**RECORDS PROVIDED**

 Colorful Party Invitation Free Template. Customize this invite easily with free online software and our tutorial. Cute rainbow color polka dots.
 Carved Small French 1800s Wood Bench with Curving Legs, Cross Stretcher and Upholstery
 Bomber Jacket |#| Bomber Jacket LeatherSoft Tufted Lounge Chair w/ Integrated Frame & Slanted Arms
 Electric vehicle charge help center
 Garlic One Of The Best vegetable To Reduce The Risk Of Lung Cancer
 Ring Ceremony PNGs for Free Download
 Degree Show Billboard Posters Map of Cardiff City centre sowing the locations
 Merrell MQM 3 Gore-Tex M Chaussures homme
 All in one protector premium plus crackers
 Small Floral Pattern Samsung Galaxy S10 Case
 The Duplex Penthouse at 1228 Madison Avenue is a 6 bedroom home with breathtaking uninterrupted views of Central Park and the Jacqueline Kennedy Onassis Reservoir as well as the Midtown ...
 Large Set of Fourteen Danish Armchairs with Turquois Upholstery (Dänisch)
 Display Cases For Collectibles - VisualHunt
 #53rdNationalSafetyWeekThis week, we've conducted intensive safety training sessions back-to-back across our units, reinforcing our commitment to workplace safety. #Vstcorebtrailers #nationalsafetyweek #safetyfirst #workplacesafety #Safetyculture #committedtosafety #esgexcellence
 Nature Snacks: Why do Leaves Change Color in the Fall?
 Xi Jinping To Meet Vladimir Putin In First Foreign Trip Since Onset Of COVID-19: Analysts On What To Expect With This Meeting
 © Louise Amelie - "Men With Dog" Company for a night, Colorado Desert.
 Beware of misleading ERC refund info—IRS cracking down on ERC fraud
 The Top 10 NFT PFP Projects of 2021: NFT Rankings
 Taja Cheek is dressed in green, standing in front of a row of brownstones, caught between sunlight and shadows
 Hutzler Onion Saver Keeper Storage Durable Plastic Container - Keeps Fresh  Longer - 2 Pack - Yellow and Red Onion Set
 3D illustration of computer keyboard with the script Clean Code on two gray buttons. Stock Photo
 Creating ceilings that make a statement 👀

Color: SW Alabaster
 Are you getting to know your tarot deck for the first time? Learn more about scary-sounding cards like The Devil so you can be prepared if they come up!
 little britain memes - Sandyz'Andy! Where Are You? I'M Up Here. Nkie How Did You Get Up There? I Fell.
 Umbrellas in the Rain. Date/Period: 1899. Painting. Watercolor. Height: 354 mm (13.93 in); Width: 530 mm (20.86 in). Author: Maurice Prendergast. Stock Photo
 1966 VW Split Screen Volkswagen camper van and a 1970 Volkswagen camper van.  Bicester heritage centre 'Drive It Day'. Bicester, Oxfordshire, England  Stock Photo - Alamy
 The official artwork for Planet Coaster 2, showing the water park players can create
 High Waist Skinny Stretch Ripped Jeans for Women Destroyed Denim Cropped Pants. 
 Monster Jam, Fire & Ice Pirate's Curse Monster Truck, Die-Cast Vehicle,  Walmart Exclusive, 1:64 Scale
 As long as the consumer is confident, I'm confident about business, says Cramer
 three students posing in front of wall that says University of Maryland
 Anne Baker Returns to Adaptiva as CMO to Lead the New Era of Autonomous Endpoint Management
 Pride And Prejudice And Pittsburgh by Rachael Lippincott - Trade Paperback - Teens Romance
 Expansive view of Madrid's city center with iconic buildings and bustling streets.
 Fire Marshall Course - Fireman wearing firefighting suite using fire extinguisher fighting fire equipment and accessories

**EXERCISE BRIEF**
Go through the listing above and copy each line that contains "Upholstery".

**THE ANSWER**
 Carved Small French 1800s Wood Bench with Curving Legs, Cross Stretcher and Upholstery
 Large Set of Fourteen Danish Armchairs with Turquois Upholstery (Dänisch)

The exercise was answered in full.